▸ **DATA PROVIDED**
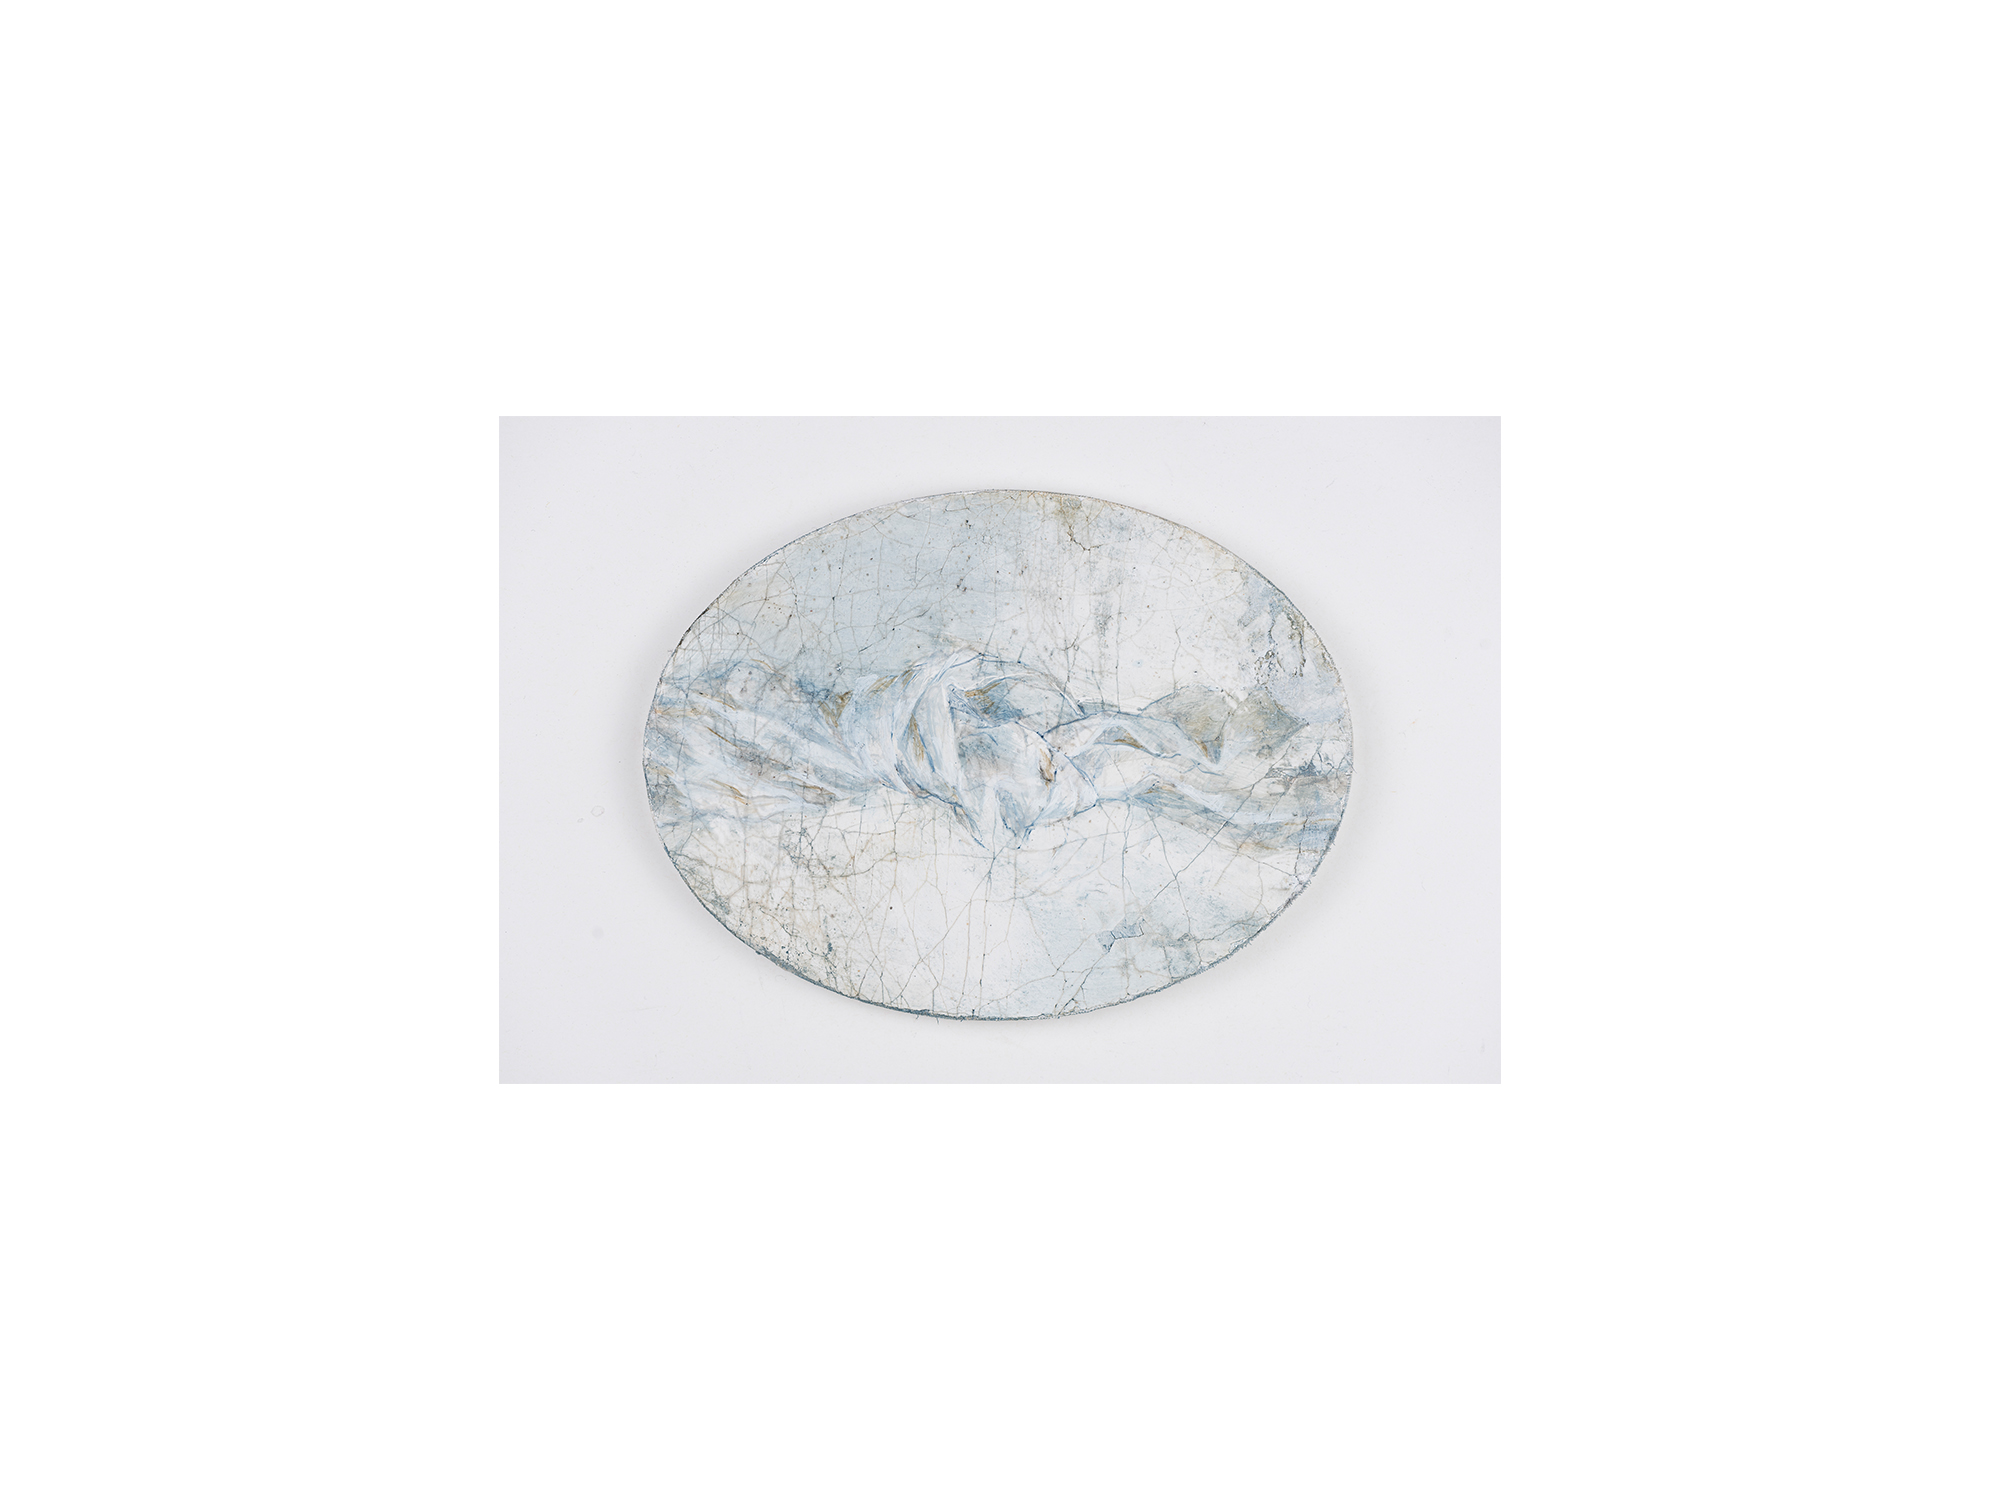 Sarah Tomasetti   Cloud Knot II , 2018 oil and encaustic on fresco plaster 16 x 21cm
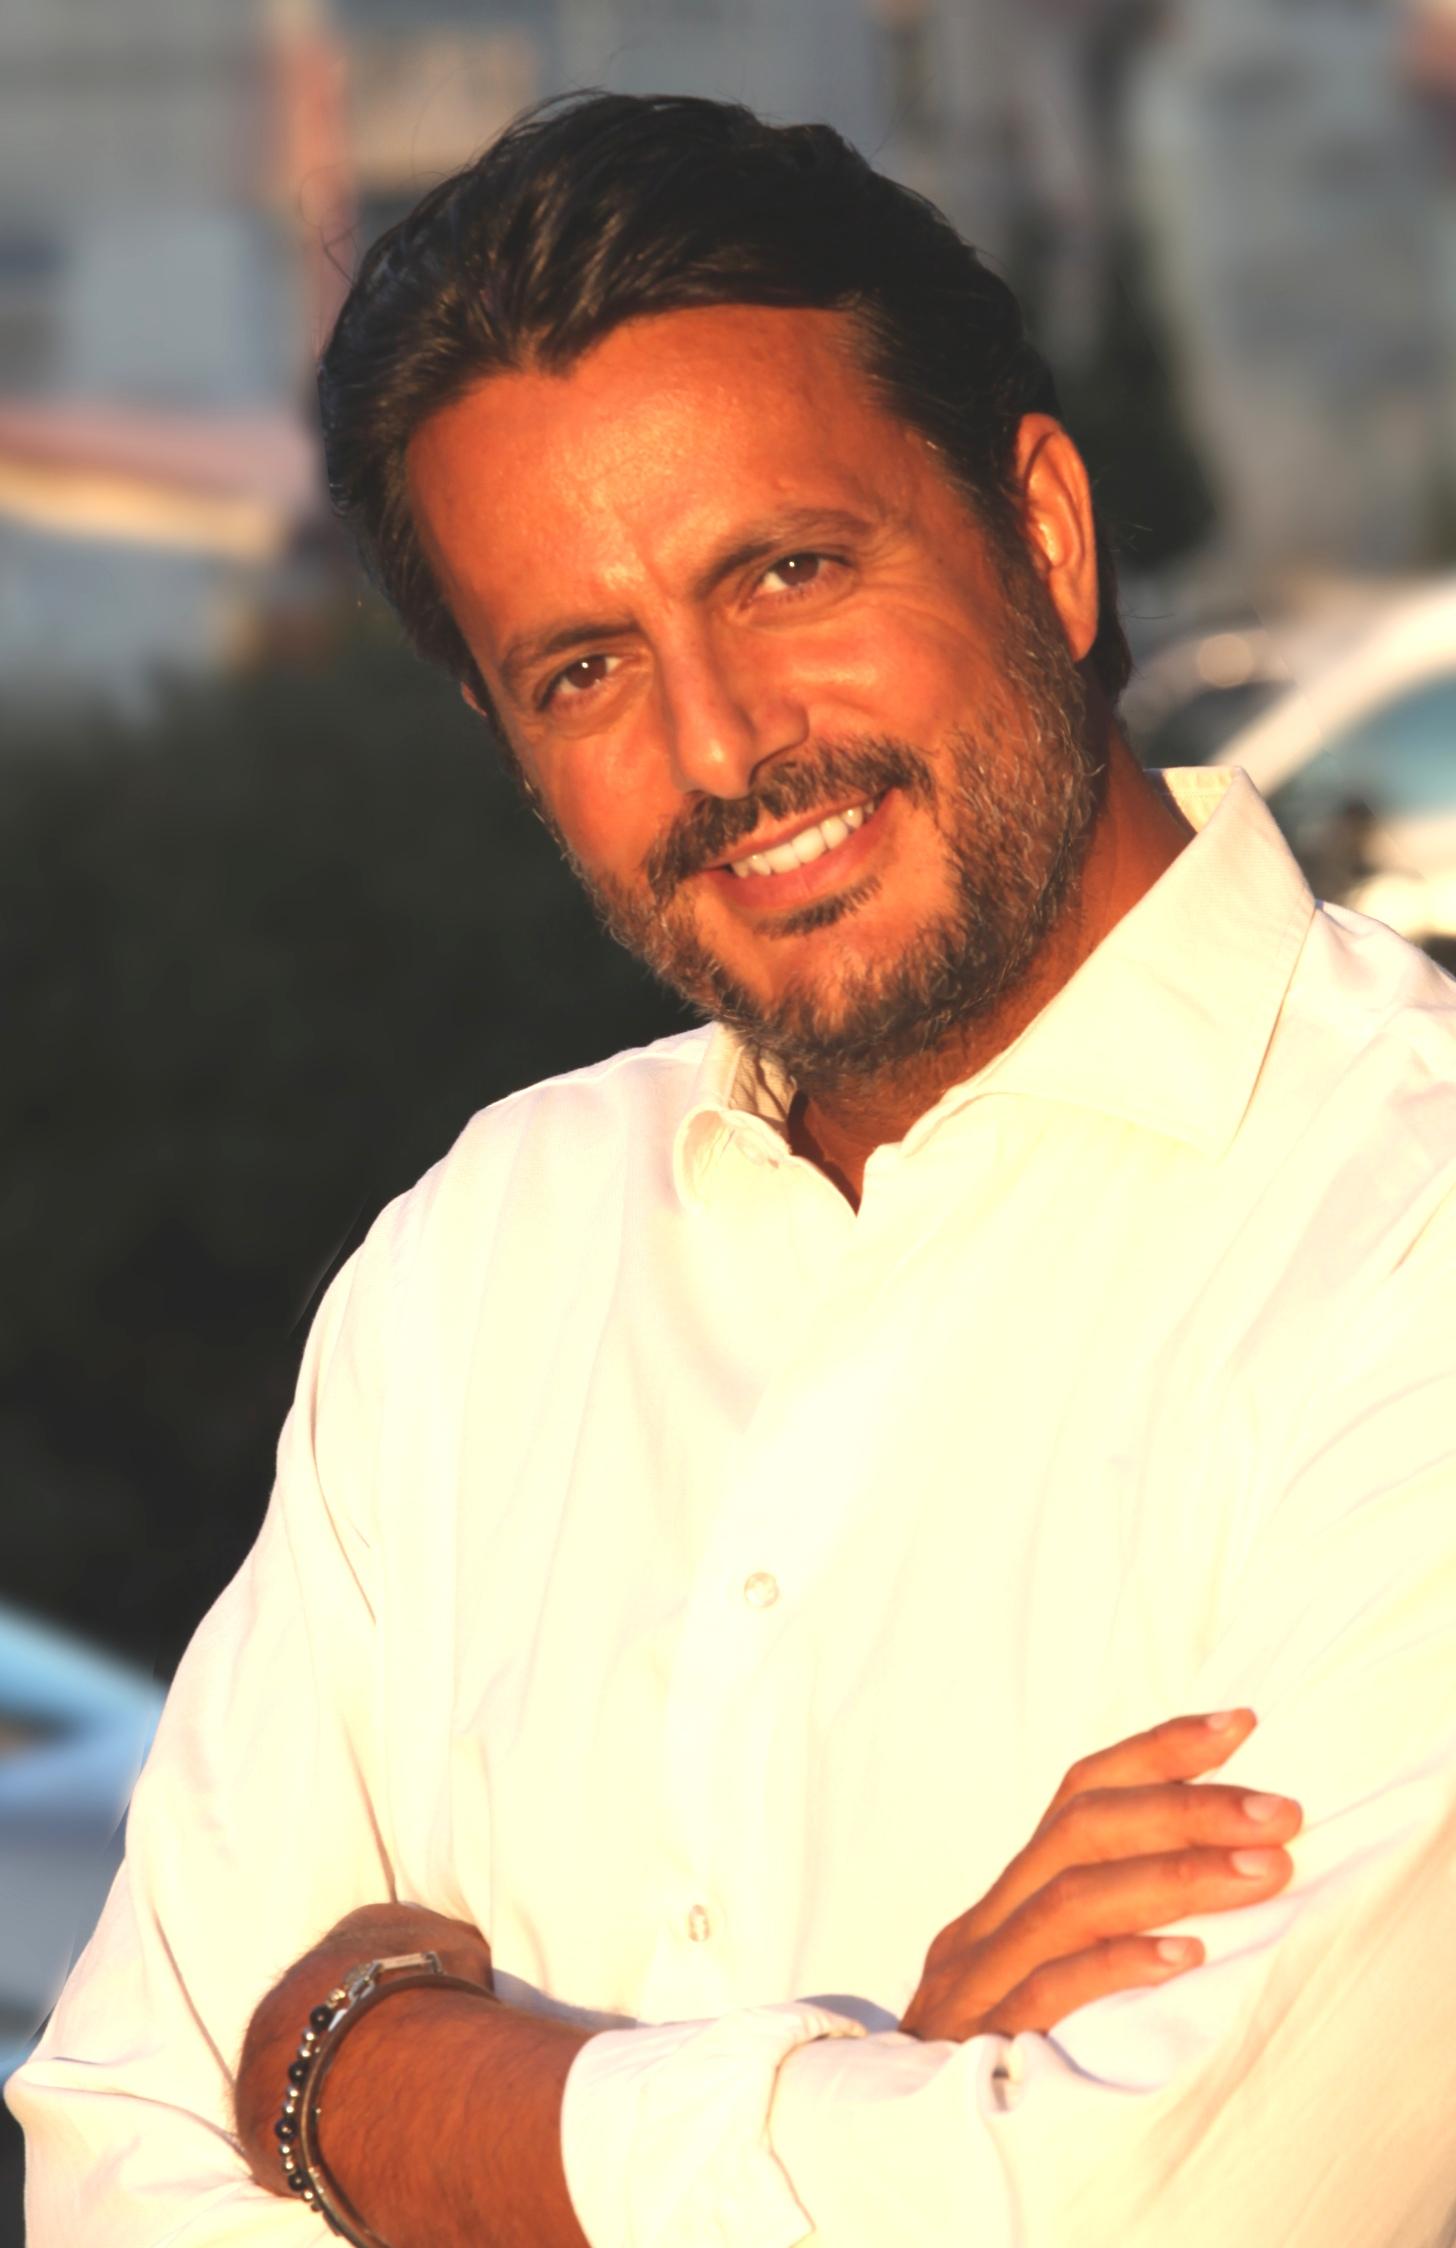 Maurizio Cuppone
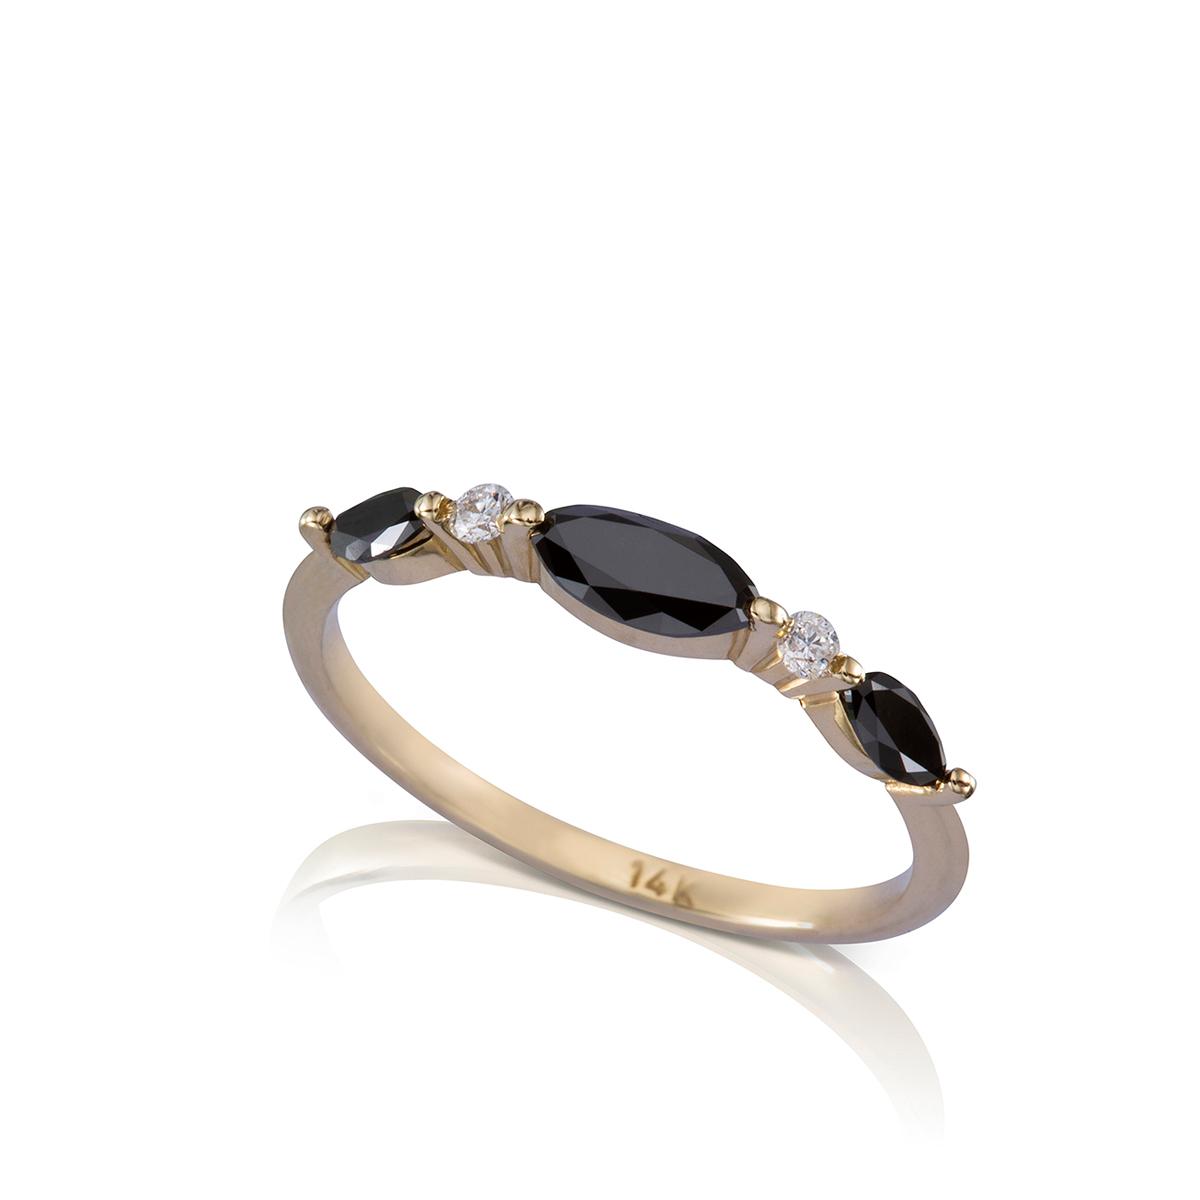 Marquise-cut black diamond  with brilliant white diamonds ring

▸ **PROBLEM**
Keep every word of the lines above unchanged in the copy, and omit the pictures.

▸ **PROBLEM SOLUTION**
 Sarah Tomasetti   Cloud Knot II , 2018 oil and encaustic on fresco plaster 16 x 21cm
 Maurizio Cuppone
 Marquise-cut black diamond  with brilliant white diamonds ring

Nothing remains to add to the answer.